And so I came to the aforementioned realization about my entertainment habits. It's true: I DON'T watch war movies anymore, or partake of any entertainment dealing with military life. At first, I figured it was simply for lack of a need--after all, I AM military--but then I realized that it was something more. These war-movies, these wargames, all attempt to depict a body of experience alien to most people. For most, the reactions I have seen to these forms of media are not disgust, fear, or introspection, but rather envy.

And therein, I suspect, lies the rub.

I don't need to know what war is like. I don't need to relive those experiences. War is a shitty, miserable, soul-crushing endeavor. Even with the best of comforts from home, it still sucks. It is evil, and hateful, and lonely, and it does horrible things to the human mind. It brings with it some unforgettable memories and friendships, but for the most part, it isn't something that the rational mind should seek to put itself through.

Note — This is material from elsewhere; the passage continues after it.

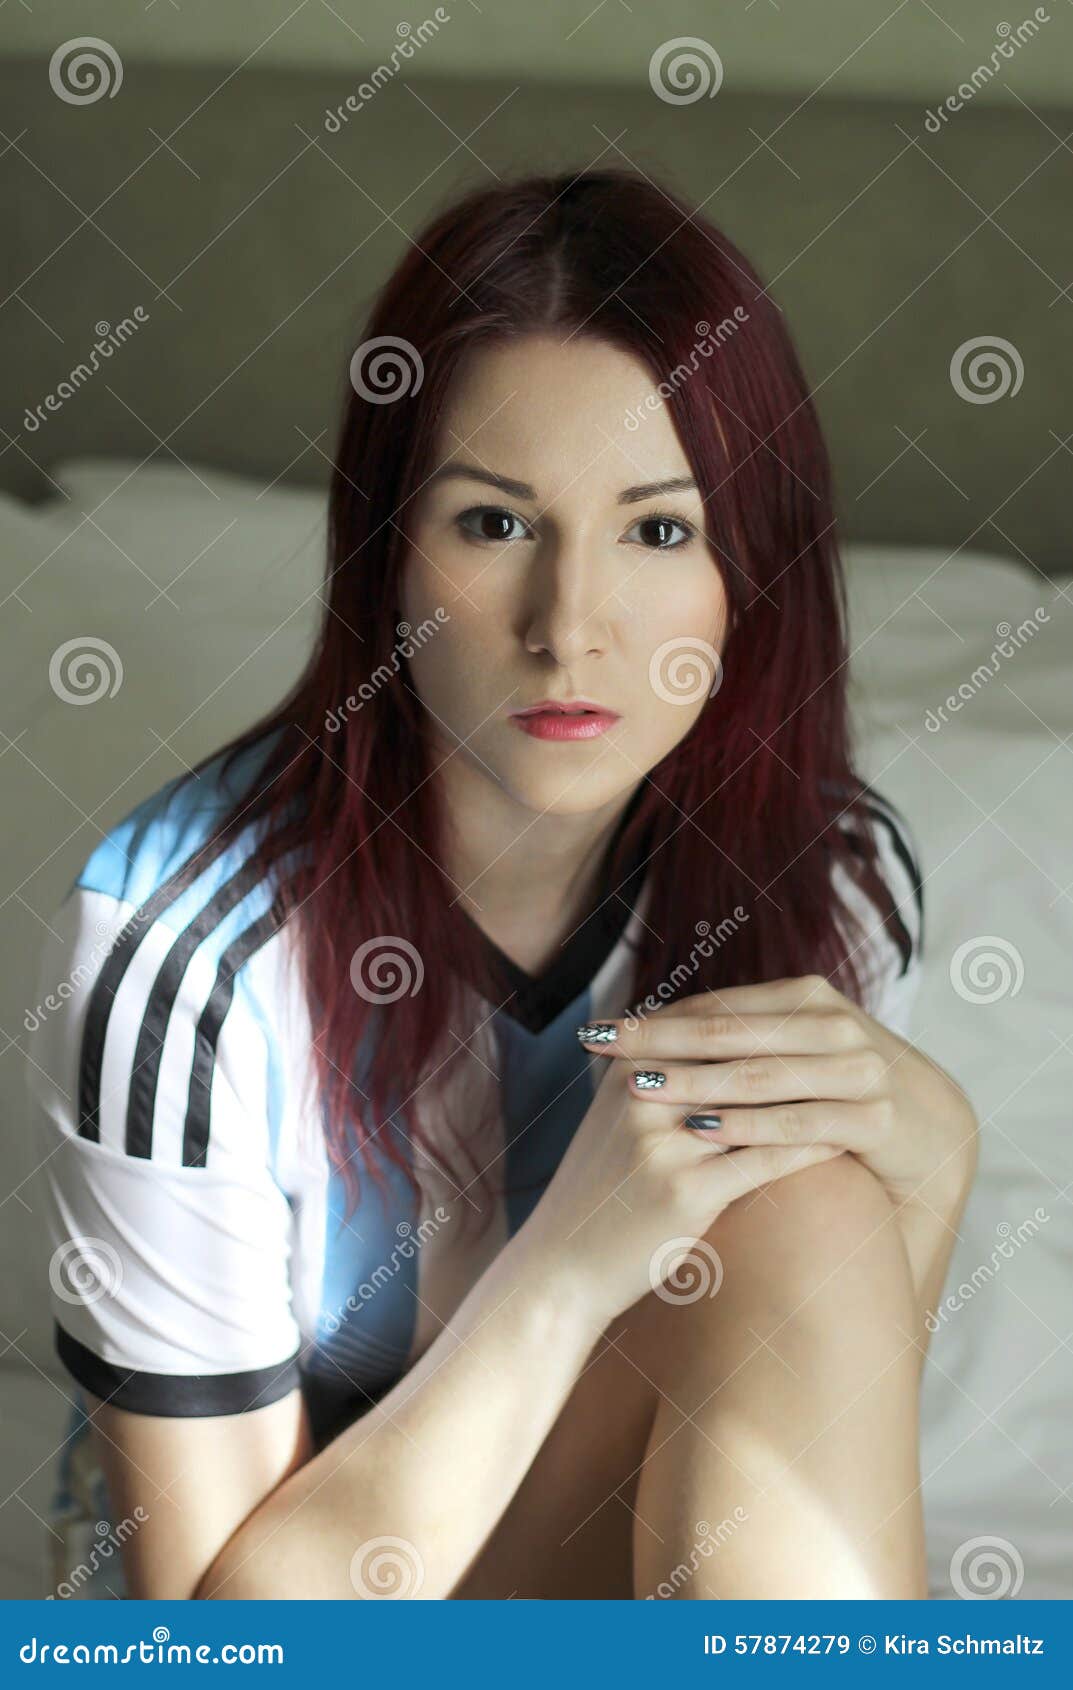 the redhead young woman in argentinean socker trikot portrait
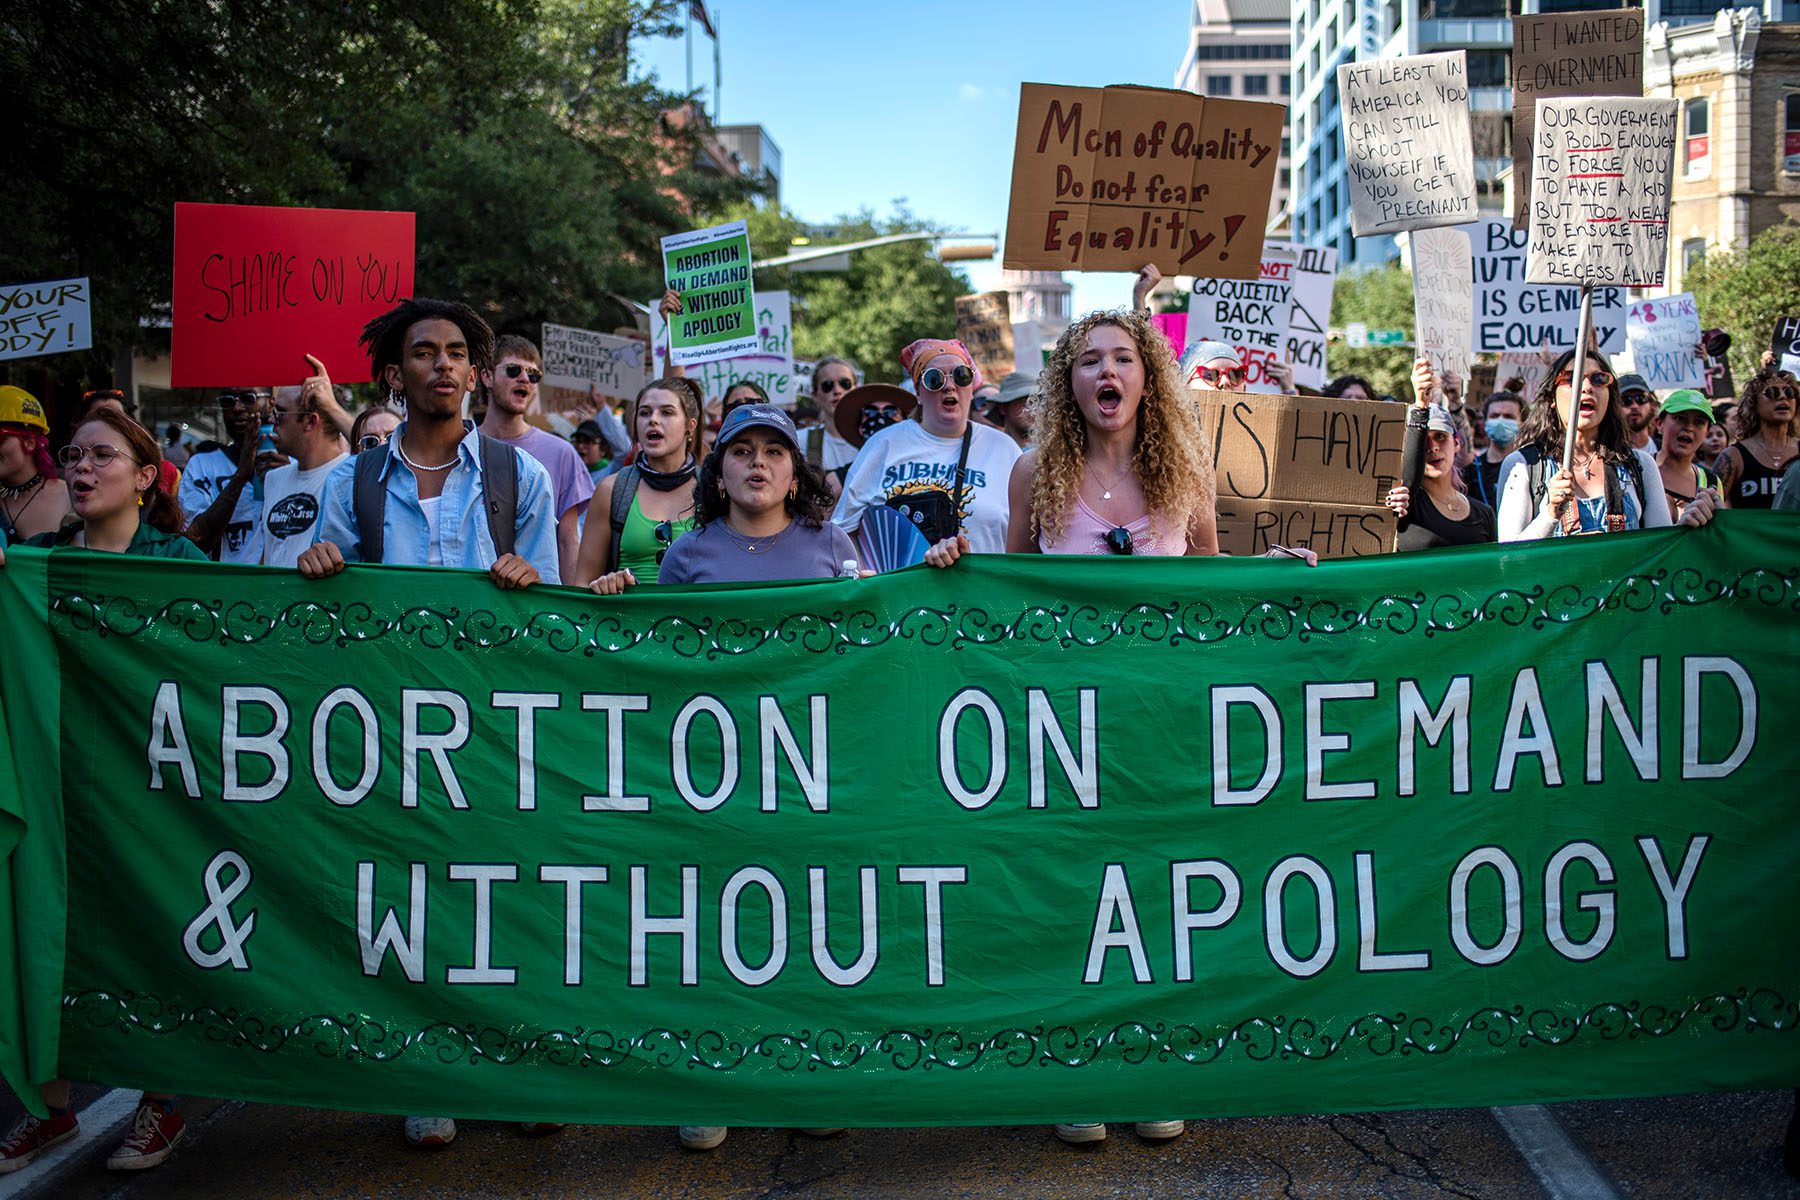 Protesters march while holding signs during an abortion-rights rally. A large banner reads

I may have been fortunate for a soldier who spent good time outside the wire--I never had to harm anyone, and I never watched friends die. But I know the sound of bullets in flight. I can tell between rocket and mortar explosions. I have watched convoys get drilled by coordinated IED attacks. And what occurs to me now is that, after a time, the idea that one may be obliterated at any second becomes normal. Any day that one had a shower and more than 4 hours of sleep is a good one. And though I am grateful to not suffer from the sort of emotional symptoms that frequently affect deployed soldiers, it also occurs to me that I would rather saw off my own arm then go back there.

Some symptoms of trauma: anger, excessive alertness, emotional distance, and aversion to certain stimuli. Until recently, I didn't think I suffered from any of these--why would I? I was just an Engineer. It's not like I actually saw anything serious. But then I thought back to my avoidance of war-themed entertainment. I thought back to my discomfort with questions about the deployment. I thought back to the way I now avoid members of my unit like the plague. I thought back to my wife's recent complaints about my remoteness, my sudden unexplained bouts of hostility, and suddenly it seemed that perhaps my time down there had had more of an impact than I thought.

I don't feel that it should be that way--after I'm home, in one piece, with a wife who loves me and a knowledge that I am going to ETS by summer. Again, it must be stressed--it's not as though I was living out Apocalypse Now. But all the same, I think of my time downrange, or read through my own writings from that period, and what I see the most there is pain--pain, and loneliness, and fear. I realize then that my 15 months in Iraq were the worst of my life, worse even than homelessness. And I realize that I would not relive these events for anything.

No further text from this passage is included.